The guy looked at his fellow gang members, eyebrows raised as if to ask, “Can you believe this guy?” then turned back to Hector.
“I’m talking about El Tigre, man,” he said.
The other
bandas
nodded in agreement.
“Word,” one of them said.
“Yo, you tell ’em, Alambra.”
“ Yeah,” Alambra went on. “ You’re singing about Malverde and all these other banditos been dead a hundred years. It’s time you tell some new stories, man.”
“We write the stories we want to write,” Hector said.
“Yeah? So maybe you should want to write one about El Tigre. We’ll make sure it gets lots of play.”
Jay remembered the day he met Rosalie and her telling him how the gangbangers would sometimes take young bands in under their wing. They’d give them support, make sure their music got played, and provide all the dope and partying anybody might want. But the downside was that you were in their pocket. You played the music they wanted you to play, where they wanted you to play it, and if they decided they didn’t like you anymore, you could end up beaten or dead.
The sweet deal could turn bad before you knew it.
So he wasn’t surprised at Hector’s reluctance to even talk to the gangbanger.
“It’s not like that,” Hector was saying.
“You can’t write about our main man?” Alambra asked. “Why can’t you give us a rockin’
narcocorrido
about El Tigre? Put that Malo Malo spin on it, man.”
“Because we don’t write about shit,” Margarita said before Hector could answer.

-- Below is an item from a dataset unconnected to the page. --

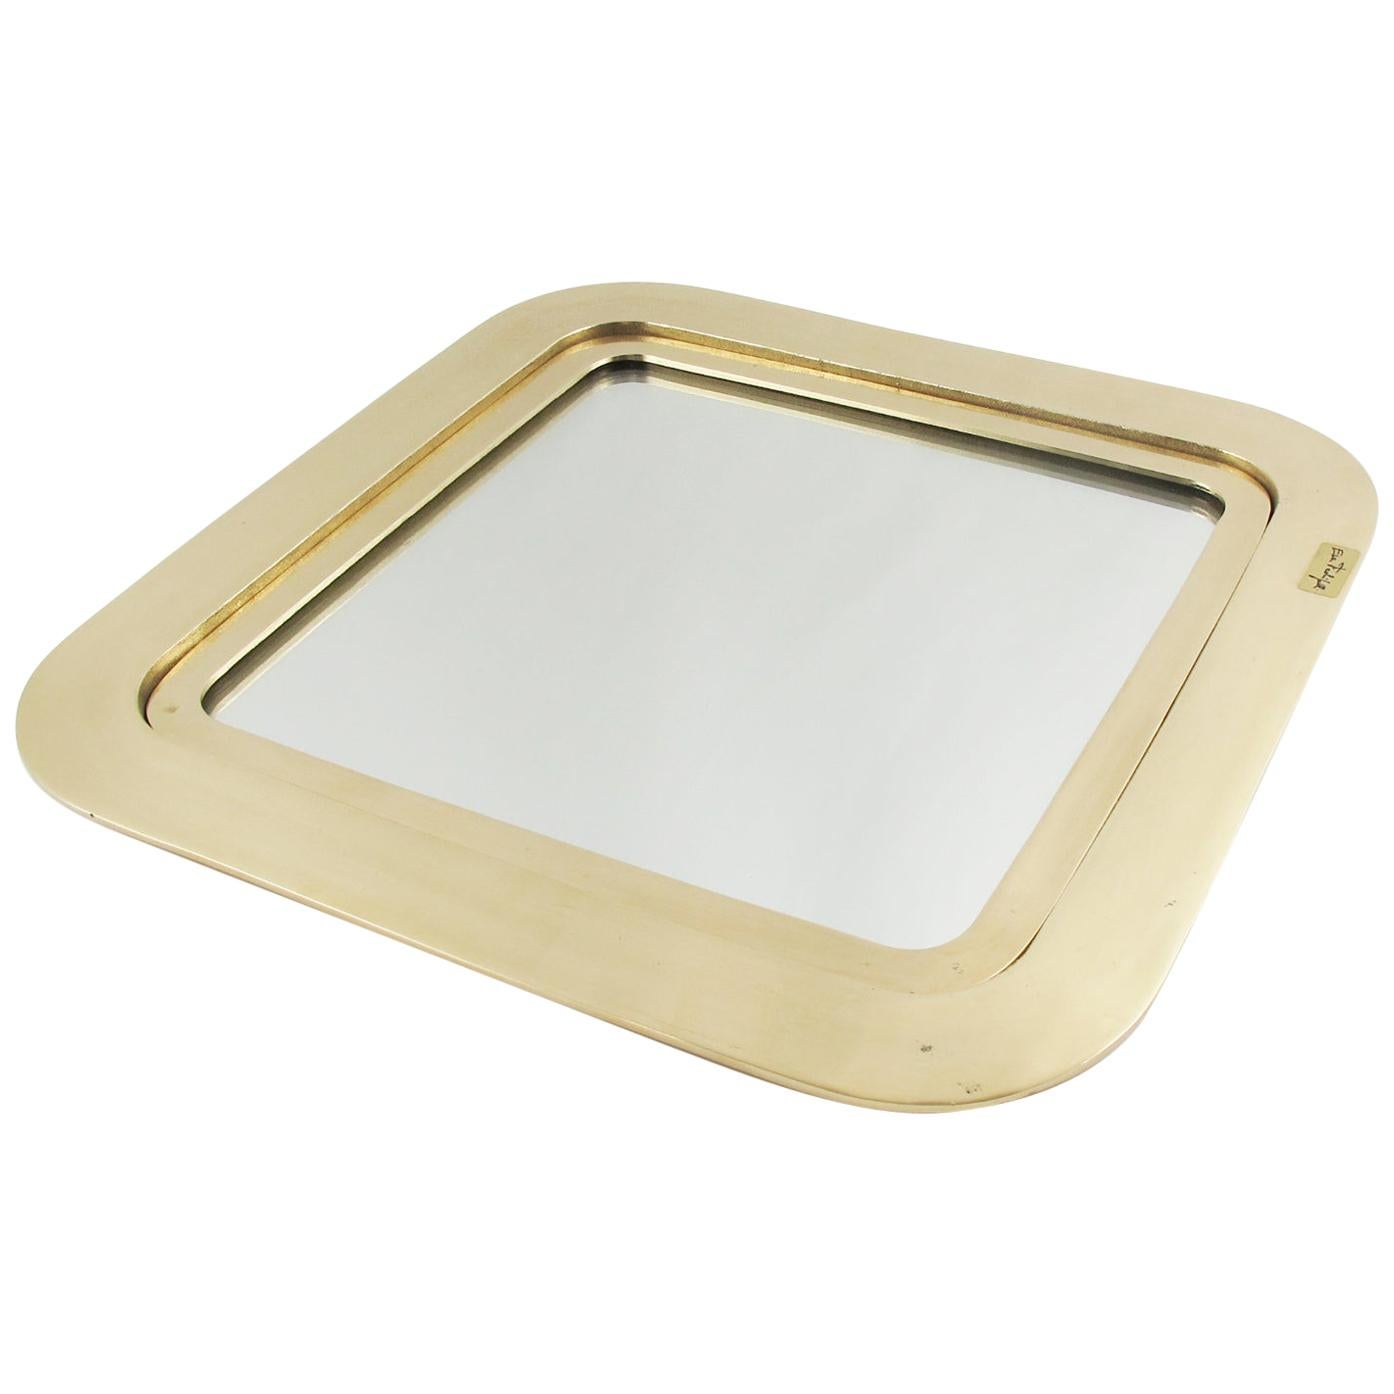 Italian Esa Fedrigolli Gilded Bronze Tray Platter
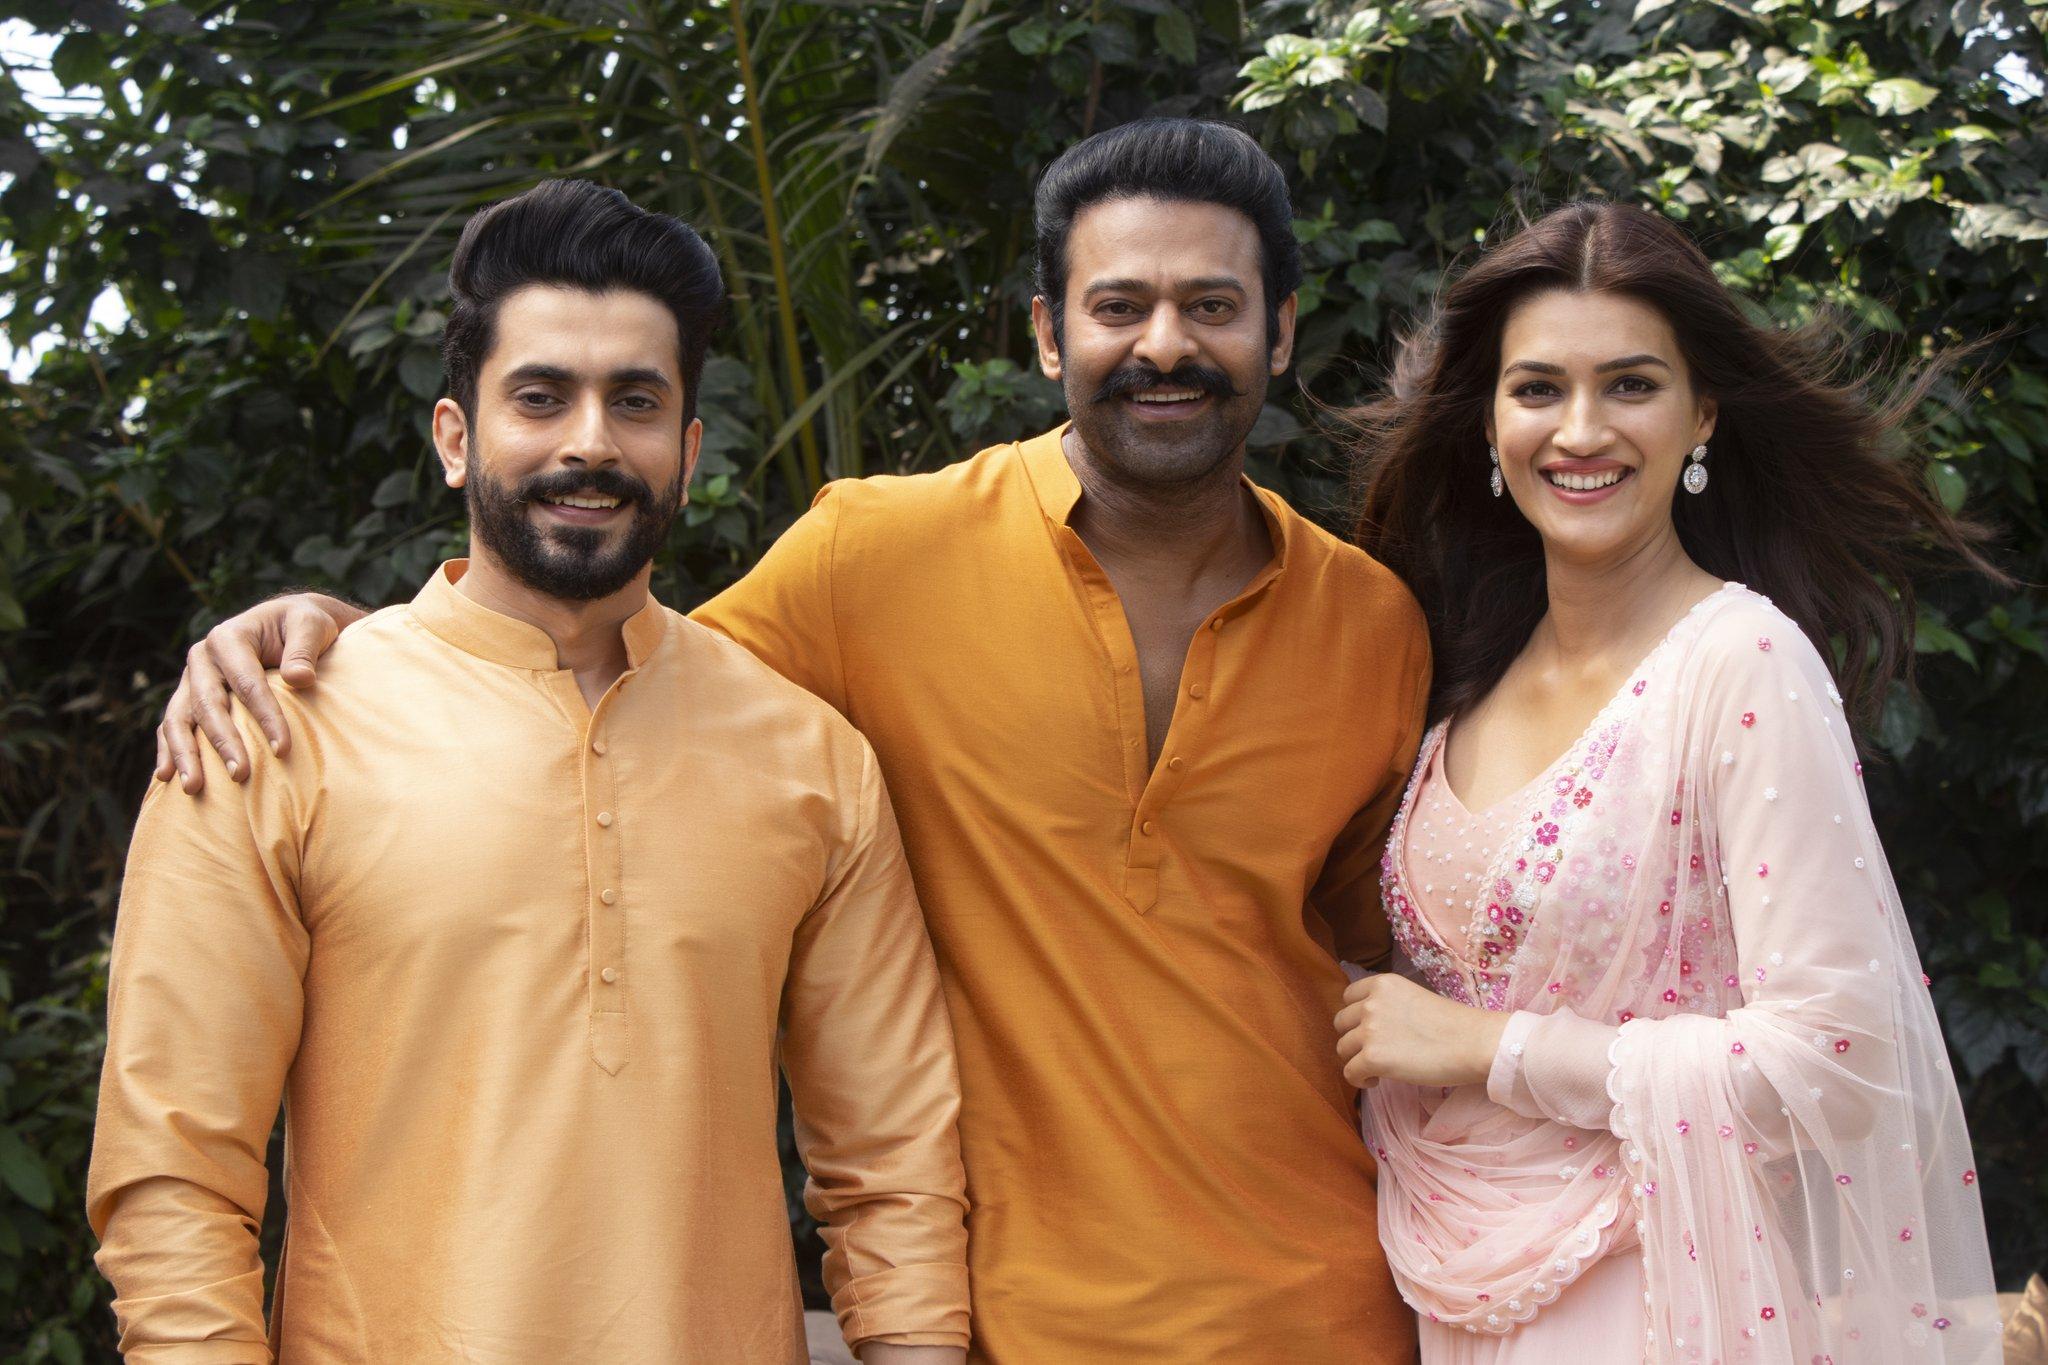 Sunny Singh as Laxman and Kirti Sanon as Sita join the team of Adipurush

Alambra didn’t even look at her as he said, “Shut up, bitch. Was I talking to you?”
Margarita stood up from behind the table.
“You need to leave,” she said. She pointed at Alambra. “You and all your asshole loser friends. Don’t make me call security.”
It was like dropping a pebble into a pool, Jay thought. A stillness arose on the heels of her words, expanding from where she stood and spreading throughout the hall. Ramon and the others who were still on the stage turned to look in the direction of the merch table. Hector and Jay started to stand up. Alambra’s gaze slowly found Margarita’s face.
Jay was so mesmerized by the dark anger flooding the gangbanger’s features that he never saw the knife appear. He wasn’t even aware that anyone was in danger until Alambra’s arm shot across the table and he buried the blade in Margarita’s chest.
“No!”
he heard Anna scream from the stage.
Cries of shock and alarm rose up all around them.
Alambra pulled the knife free and blood flowered on Margarita’s T-shirt.
Margarita’s eyes went wide from shock. Her mouth opened, but no sound came out and her legs gave way. As she began to crumple, Hector lunged for her.
“Who’s the piece of shit now, bitch?” Alambra asked.
Margarita slumped in Hector’s arms. Her blood was all over him now, too. Jay clenched his fists, so tightly his nails dug half-moons into his palms. He turned back to find the gangbanger grinning, and the controlled calm he’d developed from years of training with Paupau disappeared as though it had never been.